• [Data extract]:
*****

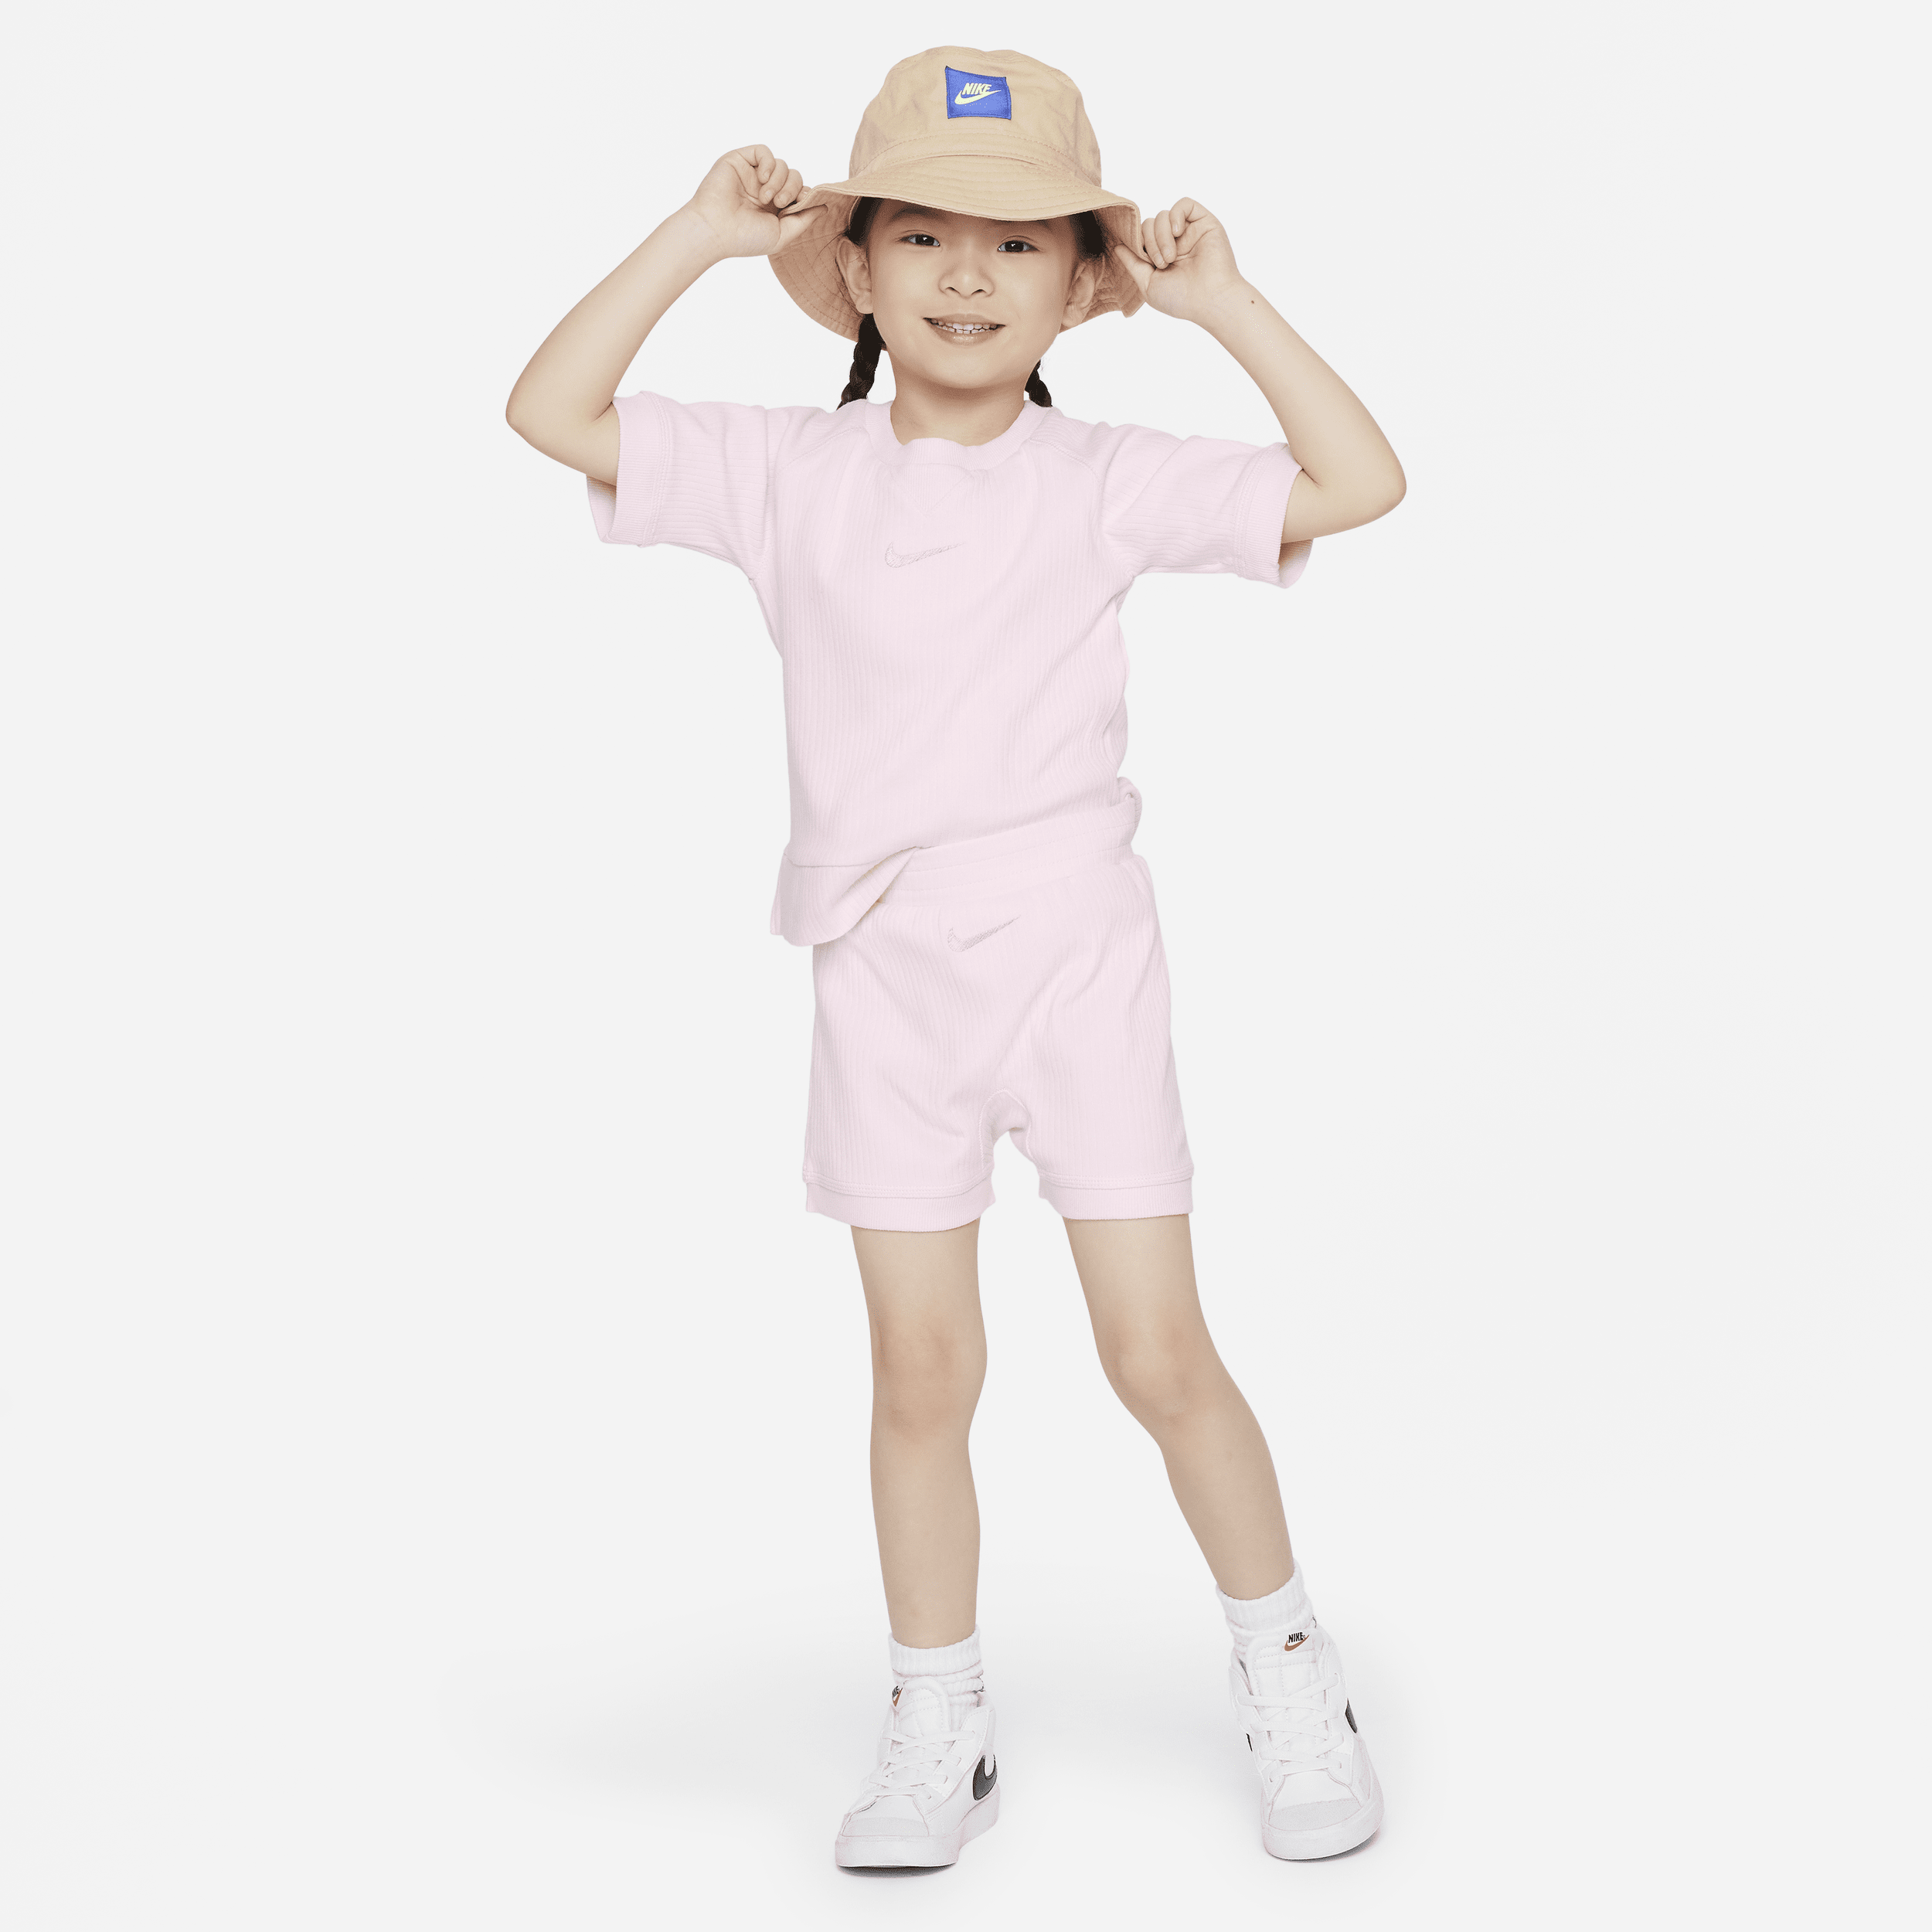 Nike Babies' Readyset Toddler Shorts Set In Pink
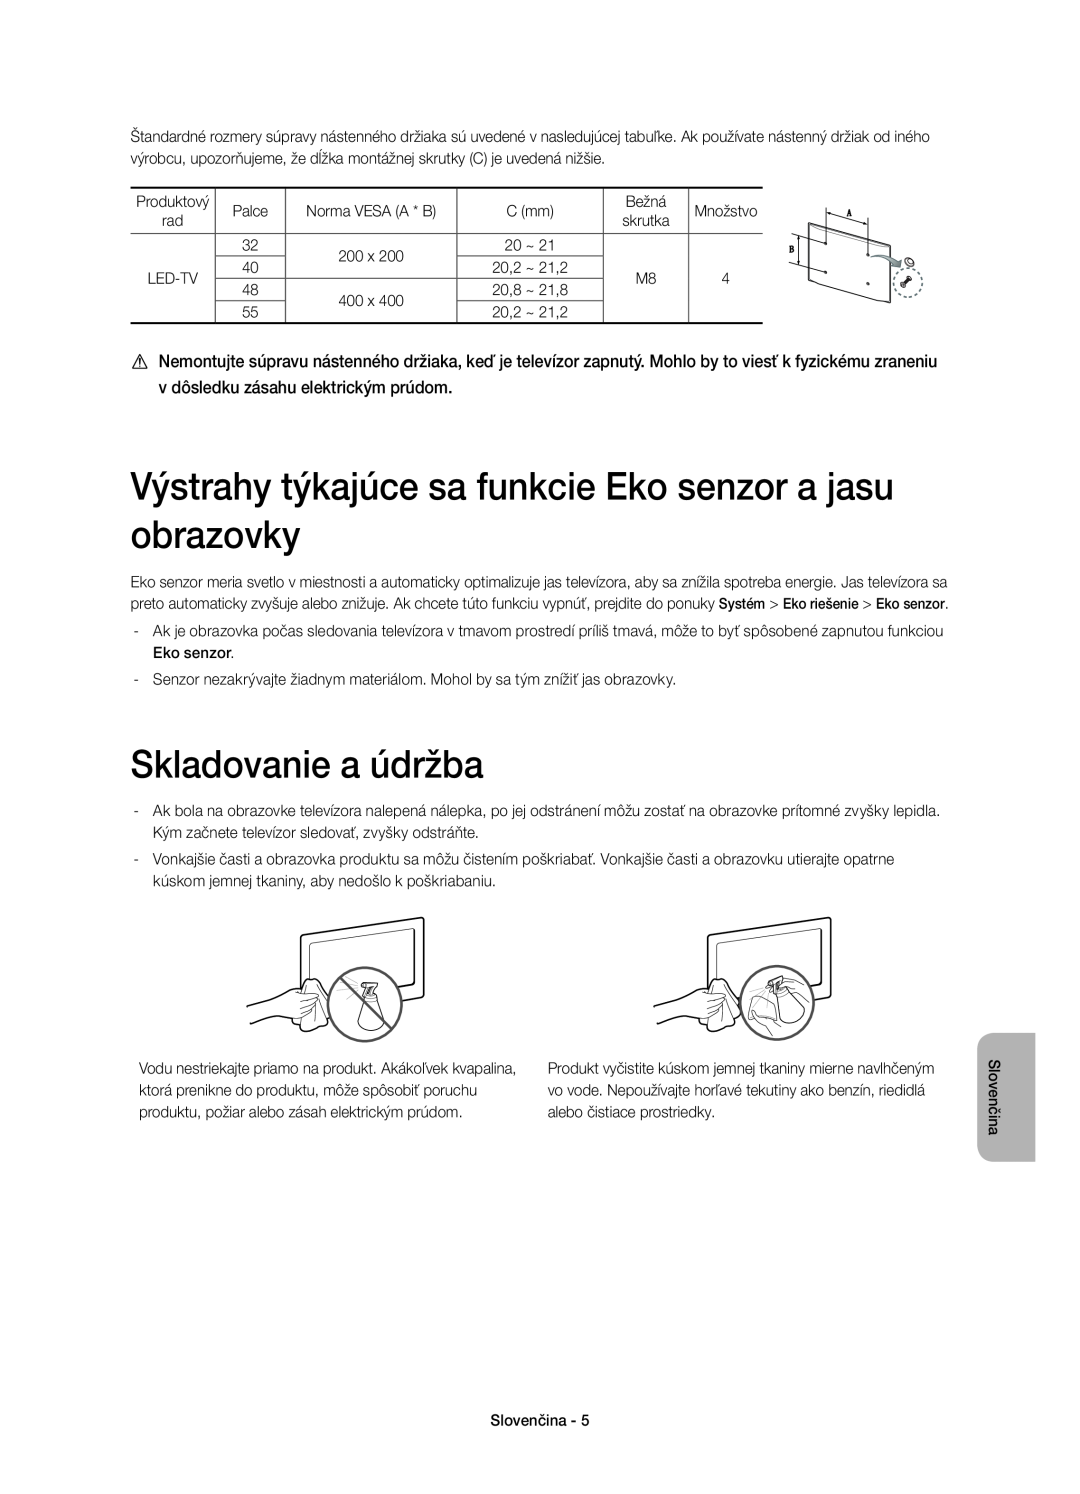 Samsung UE40H6410SSXZG, UE55H6410SSXXH manual Výstrahy týkajúce sa funkcie Eko senzor a jasu obrazovky, Skladovanie a údržba 
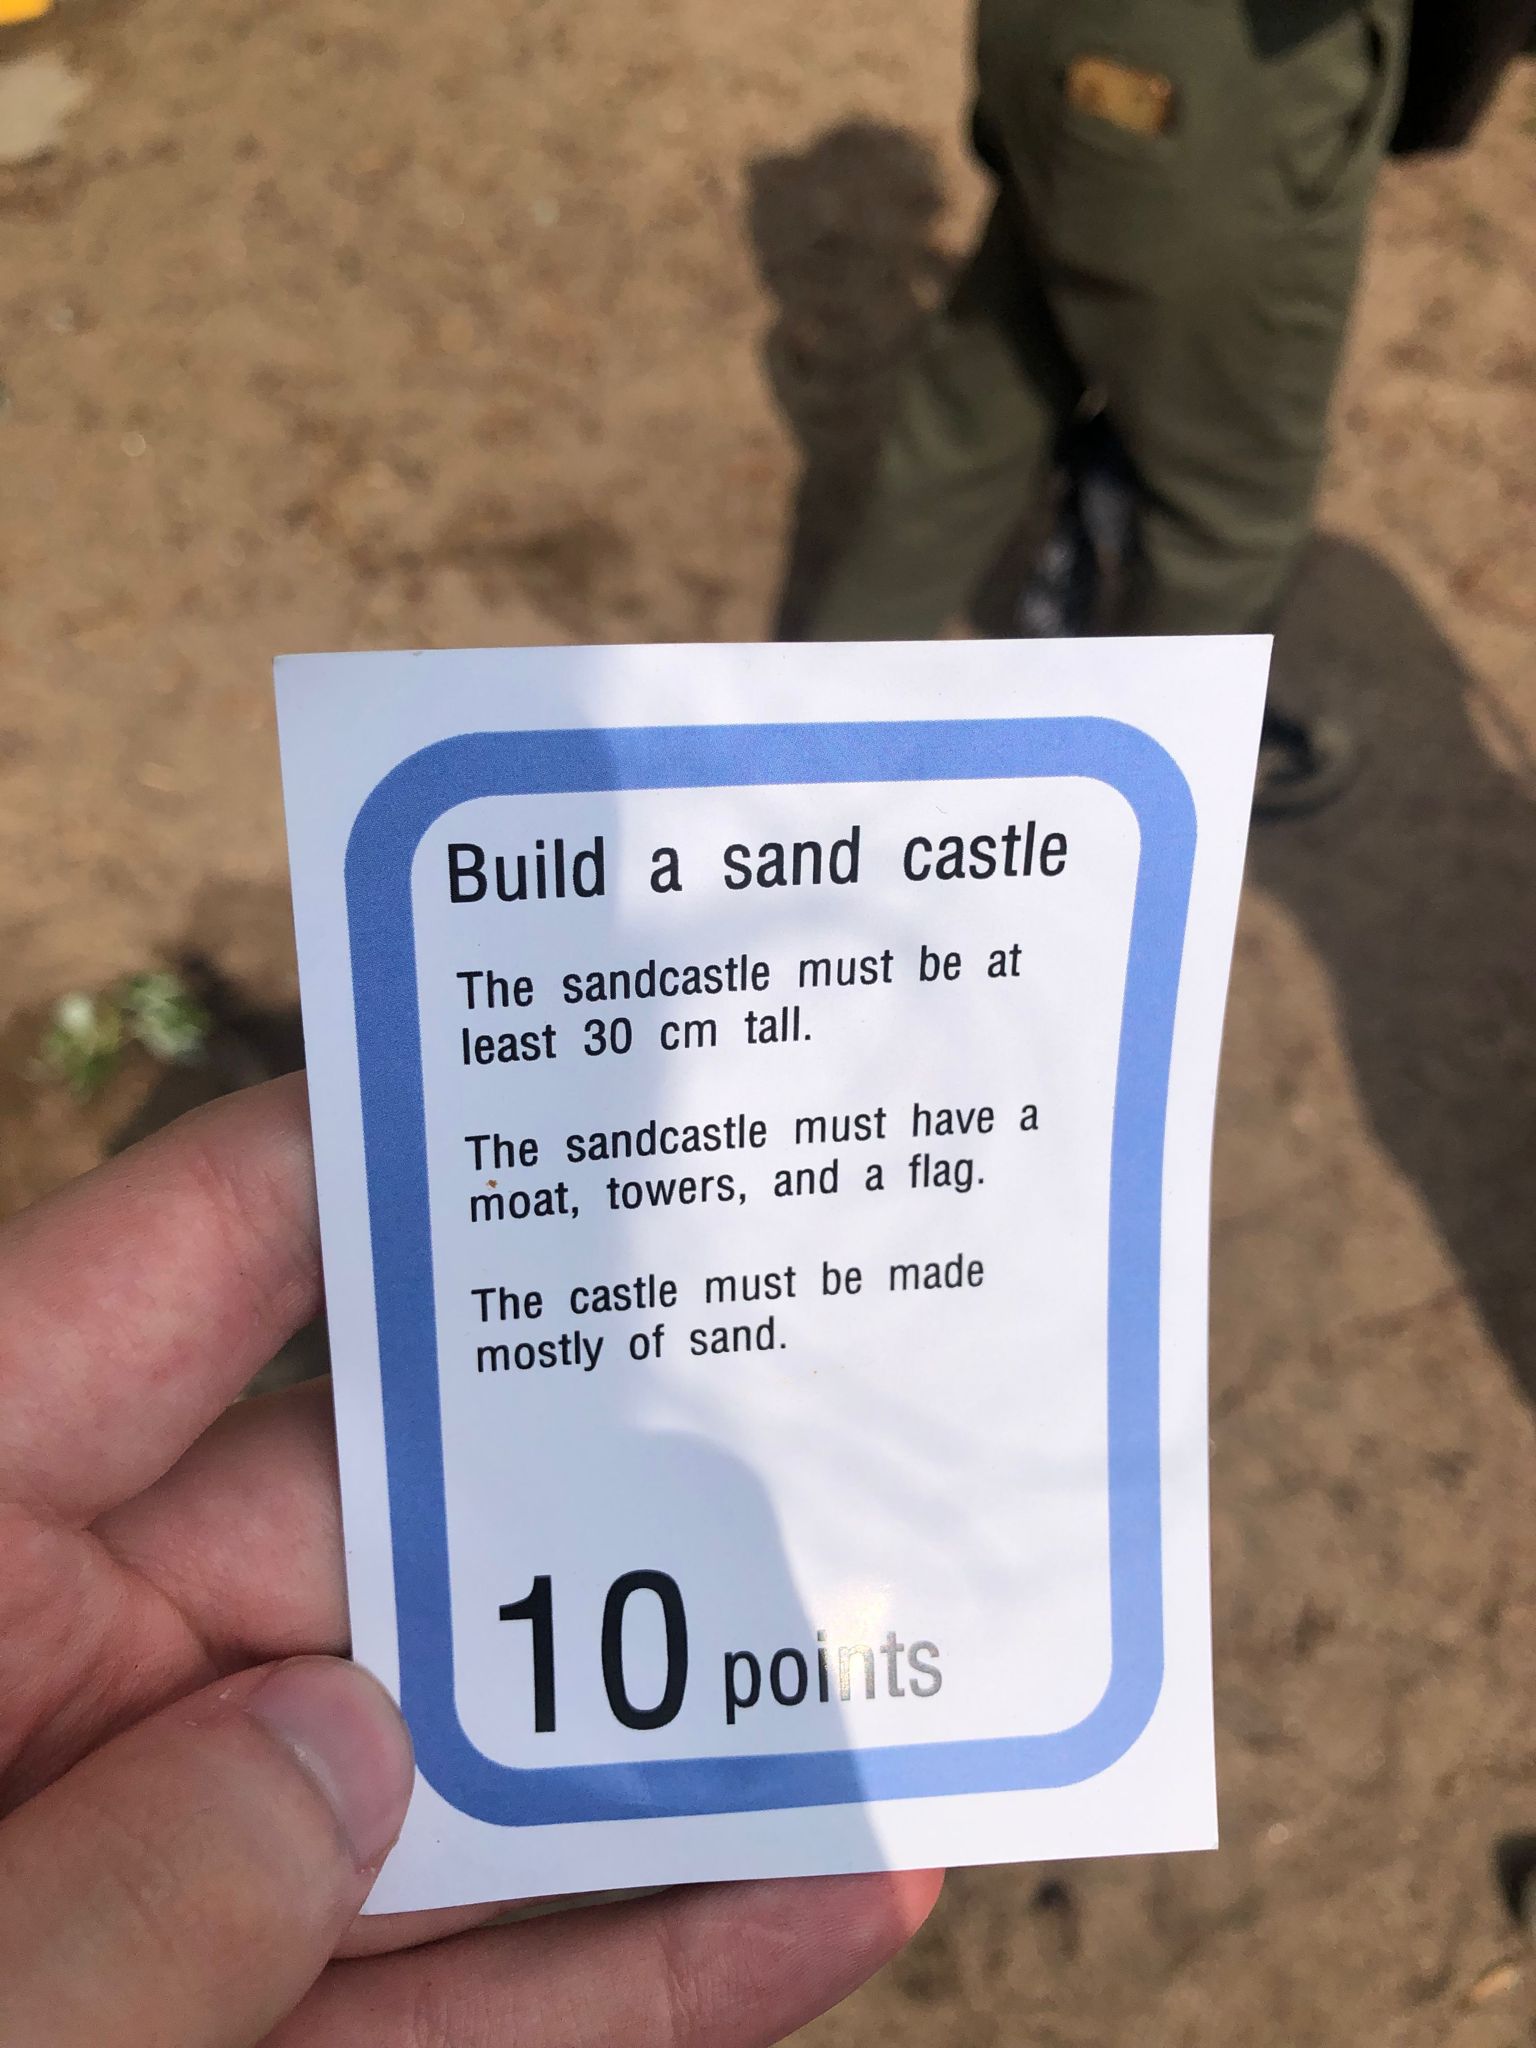 Built a sand castle challenge card.

*****

• [About this exercise]: Would you set down each line of the listing above exactly, apart from the pictures?

• [Output of the task]:
 Nike Babies' Readyset Toddler Shorts Set In Pink
 Samsung UE40H6410SSXZG, UE55H6410SSXXH manual Výstrahy týkajúce sa funkcie Eko senzor a jasu obrazovky, Skladovanie a údržba 
 Built a sand castle challenge card.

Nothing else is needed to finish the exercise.